Do prefácio em diante, as disciplinas que dividem os temas das crónicas: «Ciências da Natureza», «Educação Física», «Educação Visual e Tecnológica», «Estudo do Meio», «Físico-Química», «Português», «História», «Geografia» e «Matemática». Em todas elas, situa-se, na abertura, um breve sumário da «matéria dada», ajudando o leitor preguiçoso — ou crítico literário — que deseje escrever, à revelia, para um qualquer jornal, um texto sobre o livro sem necessitar de o ler. Não é o caso, evidentemente, do autor deste texto, excelsa figura de assinalável compromisso com a literatura. 

Dos temas da sociedade portuguesa escolhidos por Joana Marques, destacam-se aqui os mais preeminentes: «O espaço aéreo da Venda do Pinheiro», «Penálti assinalado a Marega» — talvez a crónica mais levada a sério —, «Cheeseburgers que explicam o sucesso de Cristiano Ronaldo», «Desconfinamentos, festas da espuma, manteiga Primor», «Divórcio provocado por bananas», «Portugueses com gel no cabelo e um pijaminha de sobremesas», «Neologismos das Spice Girls», «A Nelly Furtado do terrorismo», «Cabelo-oxigenado-shaming». 

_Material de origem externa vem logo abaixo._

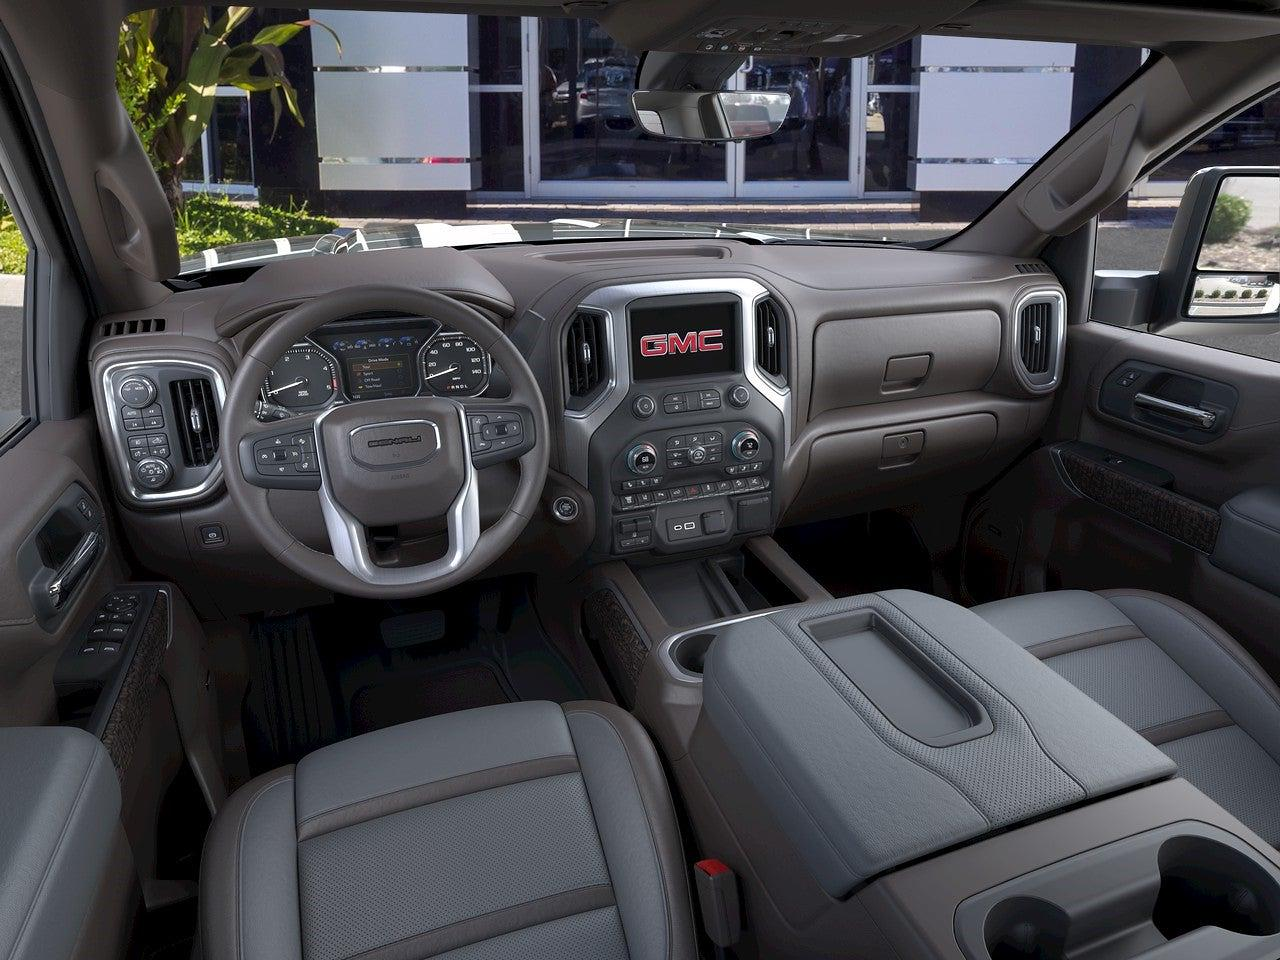 2021 GMC Sierra 2500 Crew Cab 4x4, Pickup #T21306 - photo 32
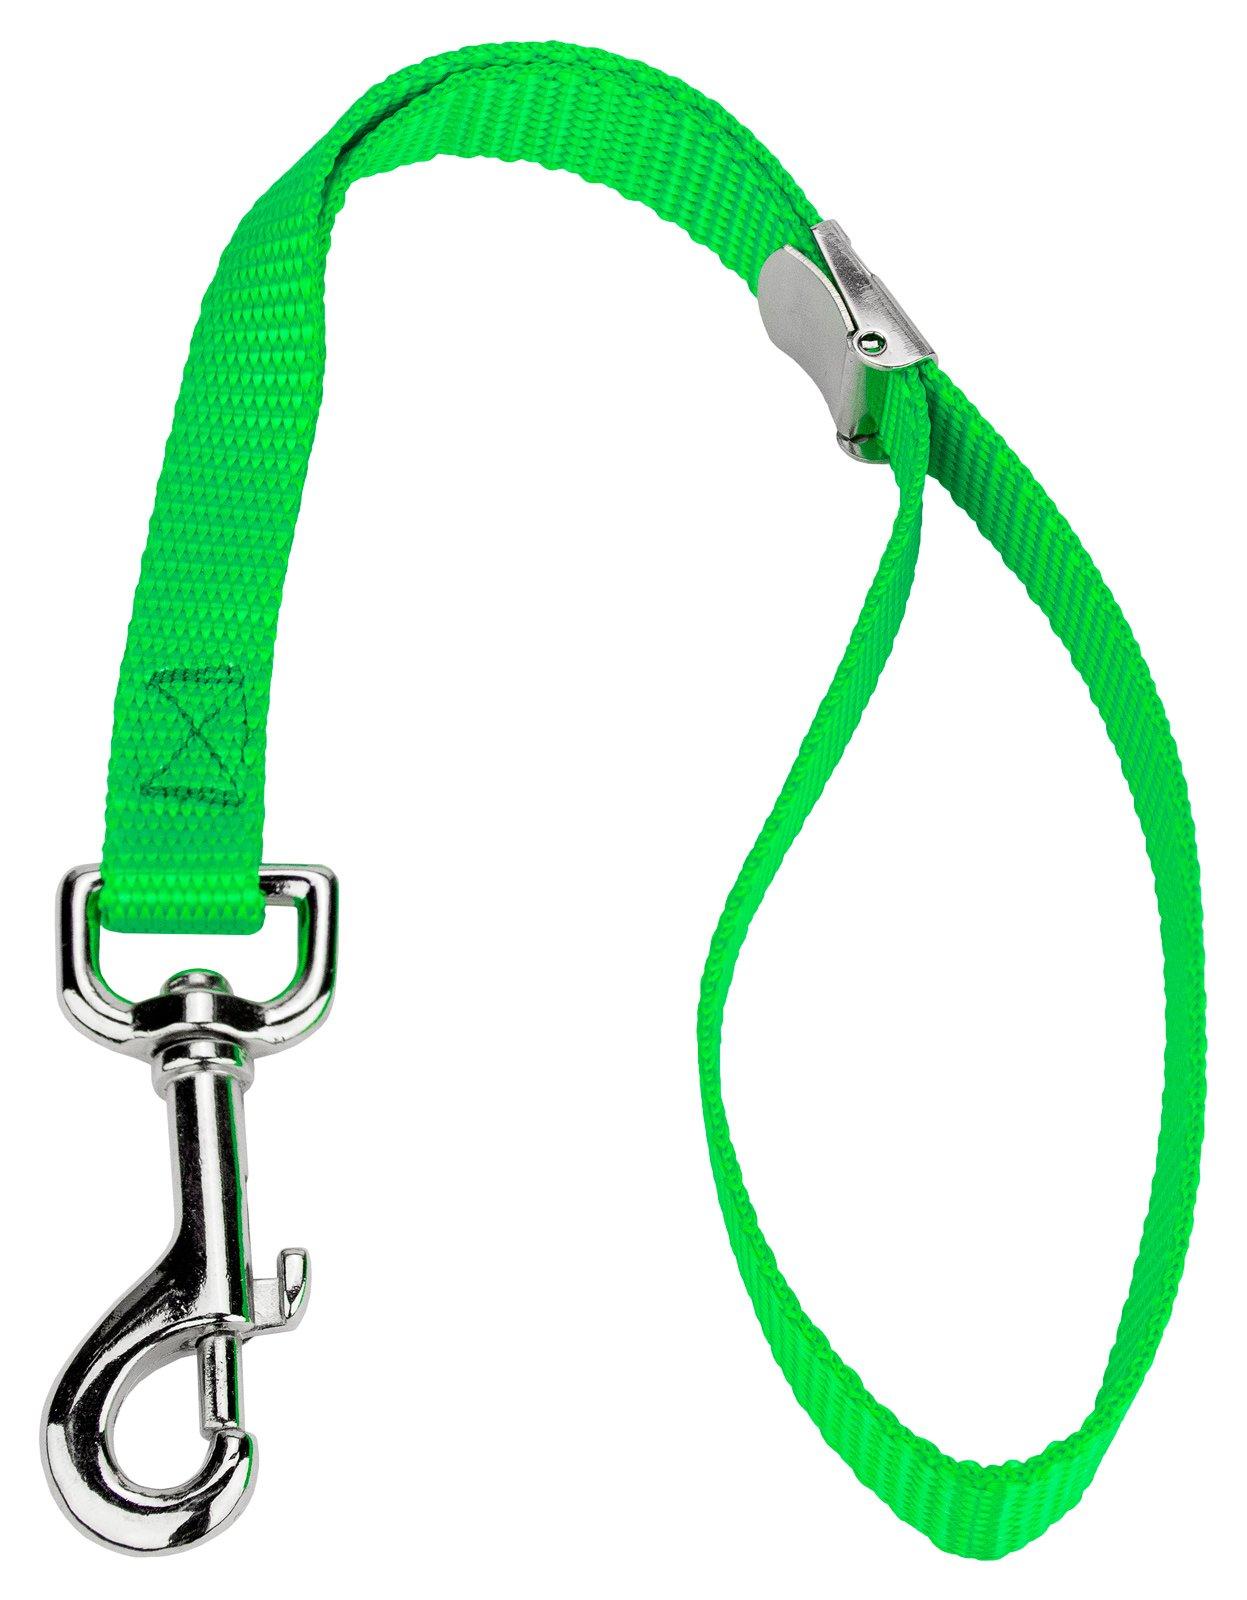 12 - Country Brook Petz 5/8 Inch Hot Lime Green Nylon Cam Lock Grooming Loop

À conta dos títulos das crónicas não pense o leitor fina flor, habituado às andanças eruditas de um Tchékhov ou Louis MacNeice, que não há matéria faceta que lhe encha as medidas, pois a autora prova que ambos os leitores são dignos da sua obra: tanto o leitor erudito como o de Prometo Falhar. Pois se alguém há que não discrimina é Joana Marques. 

Assim sendo, as crónicas podem ser lidas e usufruídas a bel-prazer do leitor sem que por isso dê conta de trocadilhos que remetem para Descartes, «Arbitro, Logo Existo»; Peter Handke, «A angústia do árbitro no momento em que decide ser árbitro»; Vasco Santana, «Treinadores há muitos, seu palerma!», sucessos de Lena D’Agua, «É para o juiz e para a juíza», ou até à mais alta arte iconoclasta, disruptiva, pioneira — e é aí que o livro ganha em credibilidade, claro — o êxito do douto Tino, «Pão com Manteiga»; e por aí fora.  

Em súmula, o livro de Joana Marques está, de facto — e eu nunca li os formalistas russos — muito bem esgalhado. E o leitor chegará ao fim do livro com a matéria na ponta da língua, as boas maneiras adquiridas e, claro, com a lição de que — apontar é feio e extremamente desagradável.